• Post author:
  • Post category:Berita
  • Reading time:3 mins read
JAKARTA, KOMPAS.com – Direktur Eksekutif Perkumpulan untuk Pemilu dan Demokrasi (Perludem) Titi Anggraini mengatakan, memaksakan kehendak atau intimidasi dalam memilih salah satu calon pemimpin kepada pihak lain merupakan pelanggaran konstitusi.
Bagi pelanggar, kata Titi, sanksinya bisa berupa pidana kurungan penjara.
“Kejahatan terhadap hak kebebasan memilih adalah kejahatan terhadap hak-hak konstitusional. Tidak boleh ada intimidasi dalam bentuk apa pun mempengaruhi seseorang dalam penyelenggaraan pilkada atau pemilu,” ujar Titi saat dihubungi Kompas.com, Jumat (29/6/2018).
Sanksi bagi yang melanggar tercantum dalam Undang-Undang Pilkada Nomor 10 Tahun 2016 Pasal 182A yang berbunyi “Setiap orang yang dengan sengaja melakukan perbuatan melawan hukum menggunakan kekerasan, ancaman kekerasan, dan menghalang-halangi seseorang yang akan melakukan haknya untuk memilih, dipidana dengan pidana penjara paling singkat 24 bulan dan paling lama 72 bulan dan denda paling sedikit Rp 24 juta dan dan paling banyak Rp 72 juta”.
Titi mengatakan, paksaan oleh satu pihak kepada pihak lain dengan tujuan memilih pasangan calon pemimpin yang diusungnya merupakan kesesatan dalam memaknai loyalitas terhadap calon yang diusungnya.
Titik mengatakan, seorang atasan di sebuah instansi sah-sah saja mengampanyekan kepada bawahannya untuk memilih calon yang dia suka.
Namun, merupakan sebuah pelanggaran jika atasan atau lembaga memaksakan kehendakmya tersebut.

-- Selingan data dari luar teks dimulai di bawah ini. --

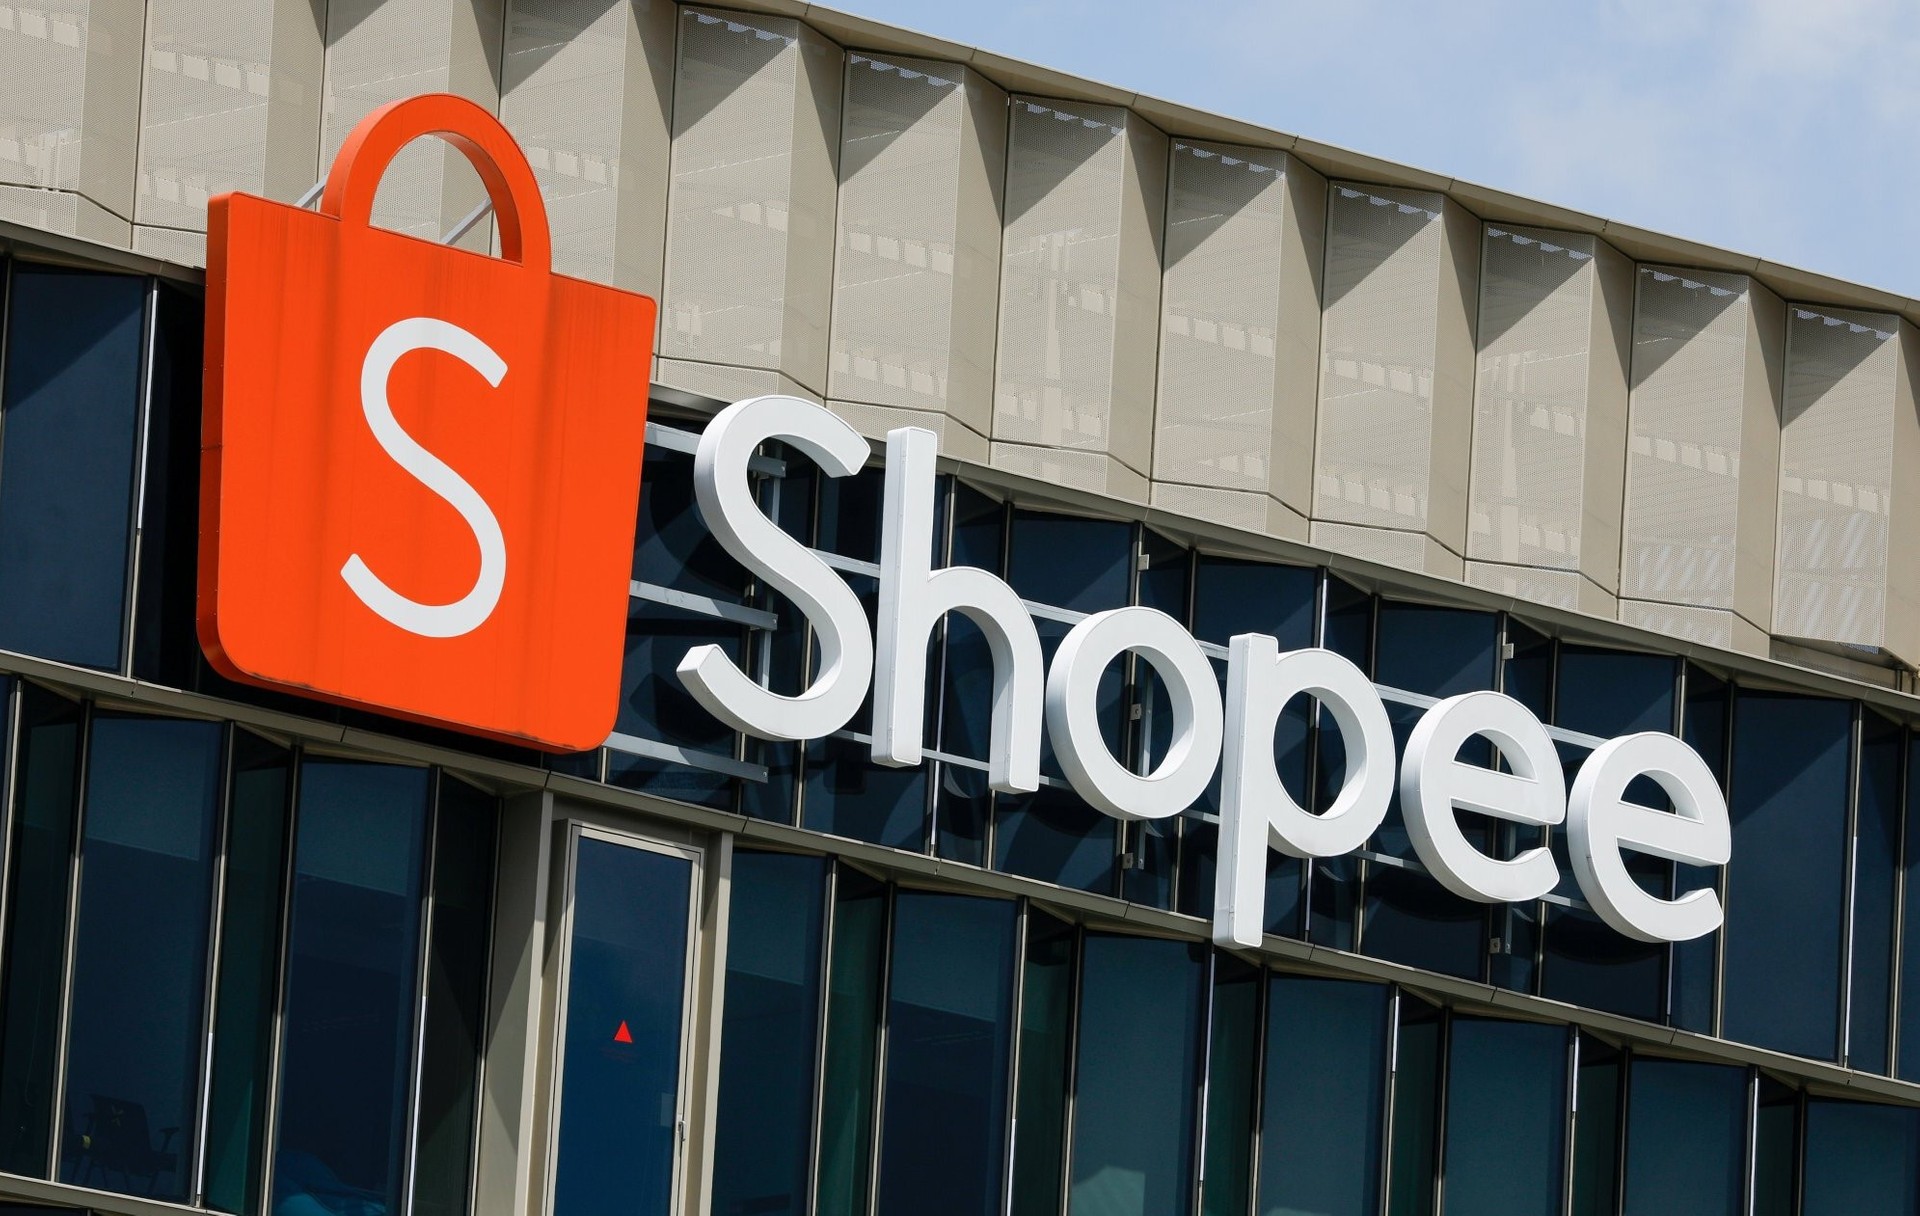 Shopee e Procon-SP assinam termo de colaborao para retirada de produtos ilegais da plataforma

Terkait kasus dugaan adanya paksaan dalam memilih yang terjadi terhadap seorang guru di Bekasi, Titi belum mengetahu informasi tersebut.
Namun, dia berharap, fenomena itu hanya fenomena kasuistik dan bukan fenomena umum.

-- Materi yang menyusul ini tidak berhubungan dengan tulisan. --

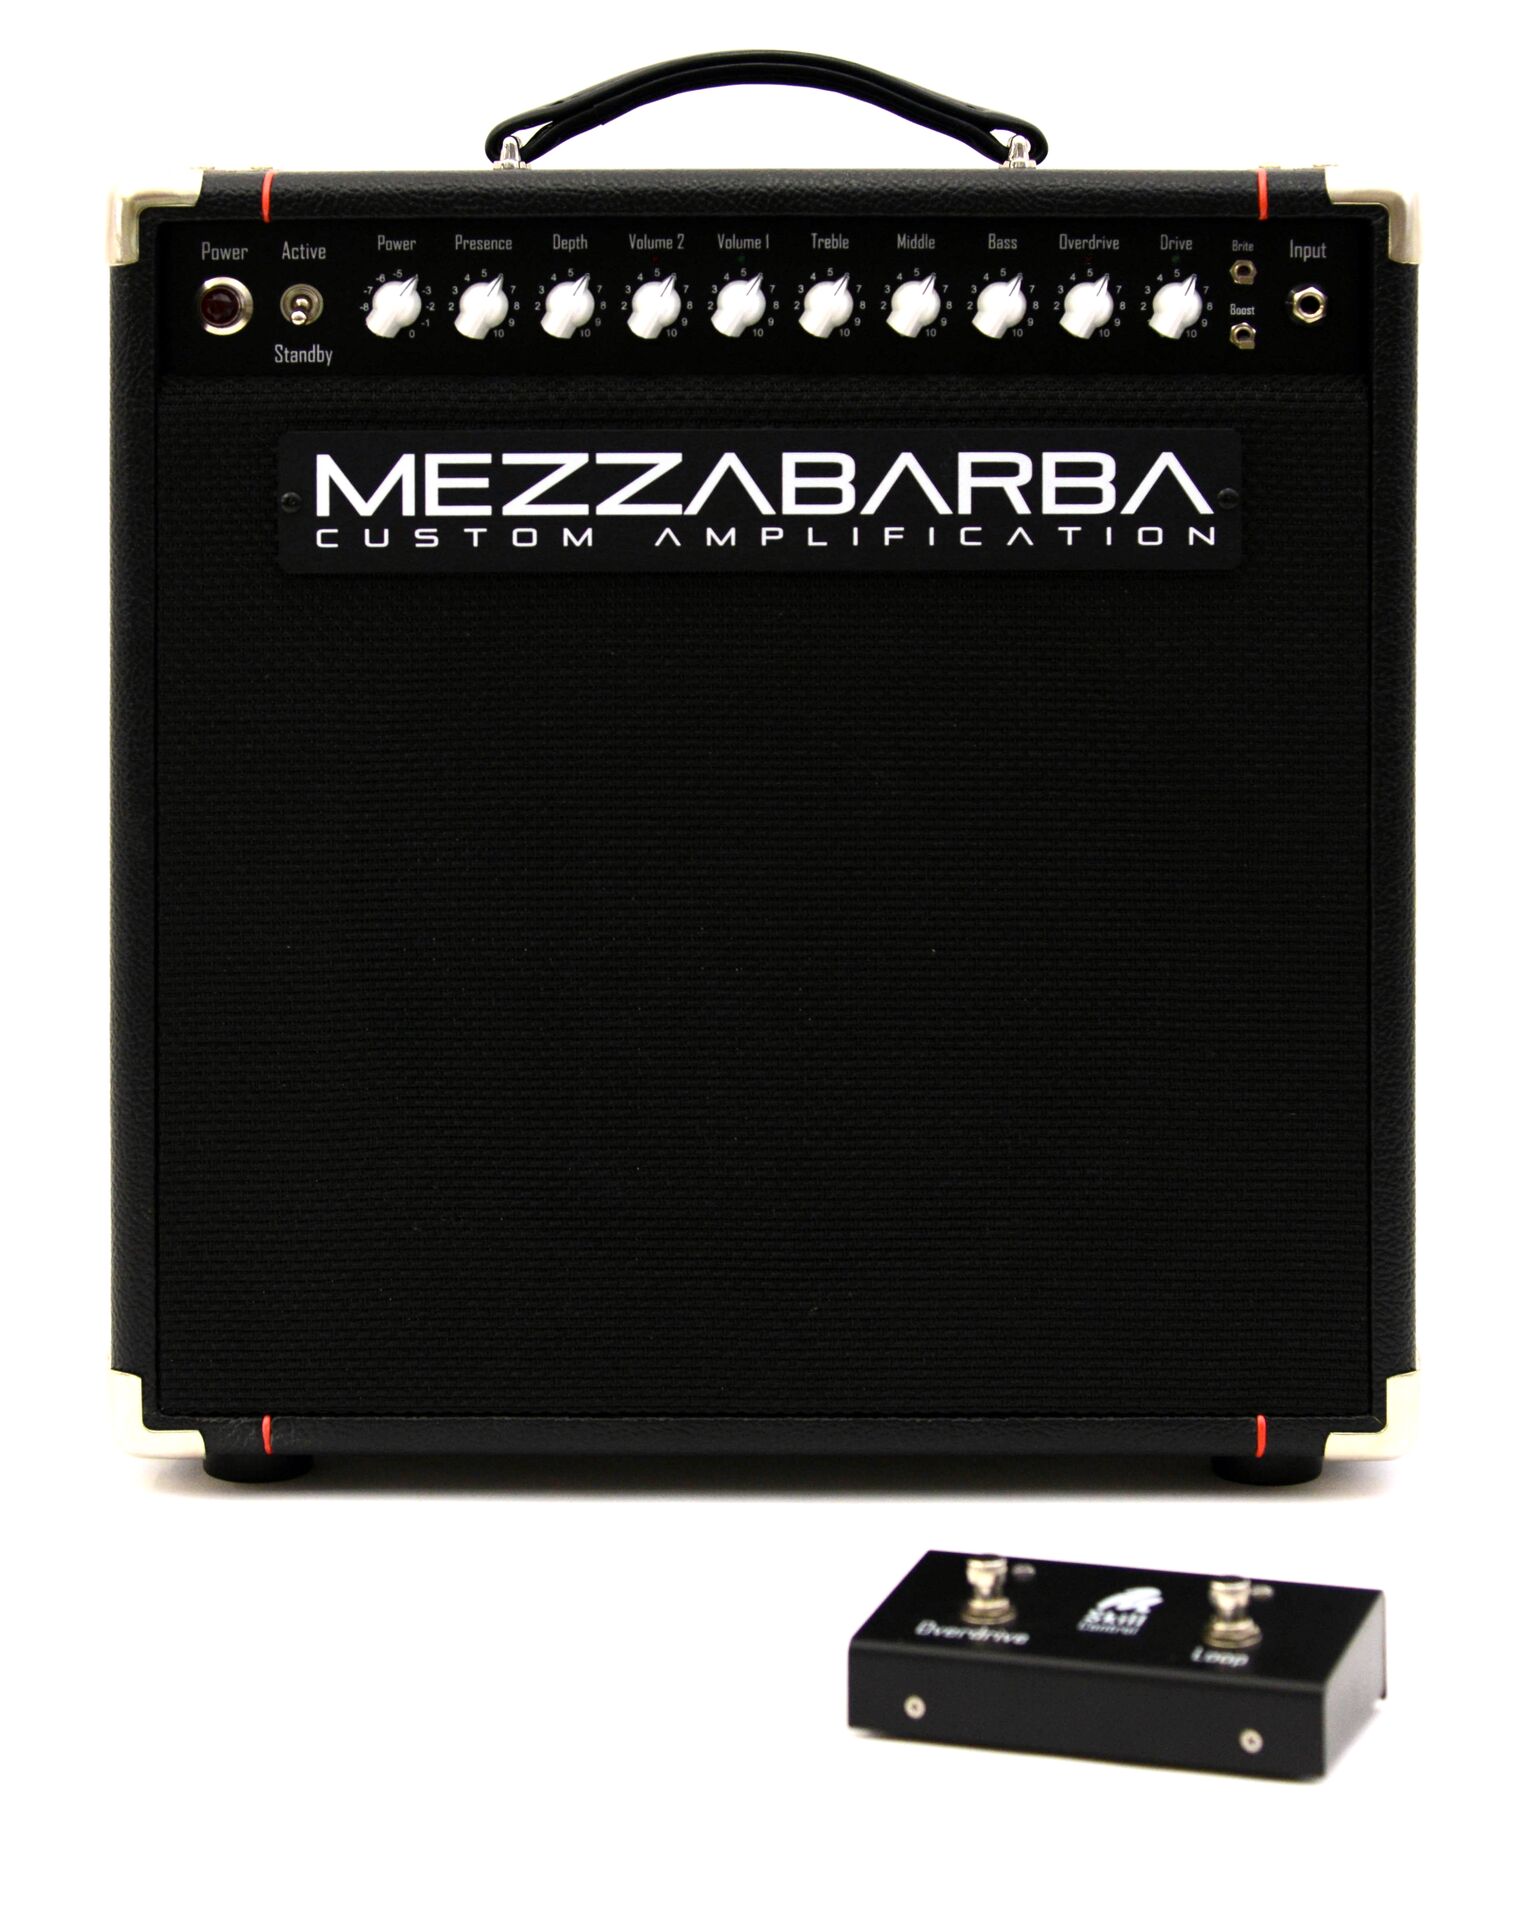 DSC 4054 preview - Mezzabarba Skill 30 Combo Guitar Tube Amp

“Kalau itu menjalar dan menjadi fenomena umum, itu sangat luar biasa, itu teror dalam demokrasi kita,” ujar Titi.
Dugaan kasus pemaksaan dalam memilih terjadi di Bekasi. Guru Sekolah Dasar Islam Terpadu (SDIT) Darul Maza Kota Bekasi bernama Robiatul Adawiyah mengaku dipecat karena beda pilihan dengan arahan sekolah dalam Pilkada 2018.
Kabar pemecatan guru ini mulanya viral di media sosial Facebook. Informasi itu diunggah pemilik akun bernama Andriyanto Putra Valora yang merupakan suami dari Robiatul. Dugaan pemecatan disampaikan melalui pesan WhatsApp.
Terkait masalah ini, pihak pimpinan sekolah belum dapat dimintai keterangan. Hanya saja, Tri, yang merupakan seorang guru di sekolah tersebut menyampaikan bahwa pihak sekolah tidak berniat melakukan pemecatan.
Menurut dia, percakapan WhatsApp tersebut hanya salah ucap karena pihak sekolah lelah setelah mengadakan event-event di sekolah.
“Mungkin semuanya jadi dalam kondisi lelah ada salah ucap, ada salah kata, itu wajar saja, semua orang bisa dalam posisi seperti itu dan itu enggak ada rencana atau kata terucap sebuah keputusan yang sepihak, enggak ada sebenarnya,” kata Tri, Jumat.
Pihak sekolah dan Robiatul telah berdamai. Robia menerima permintaan maaf pihak sekolah. Kendati demikian, ia menolak ajakan pihak sekolah untuk kembali mengajar di sana.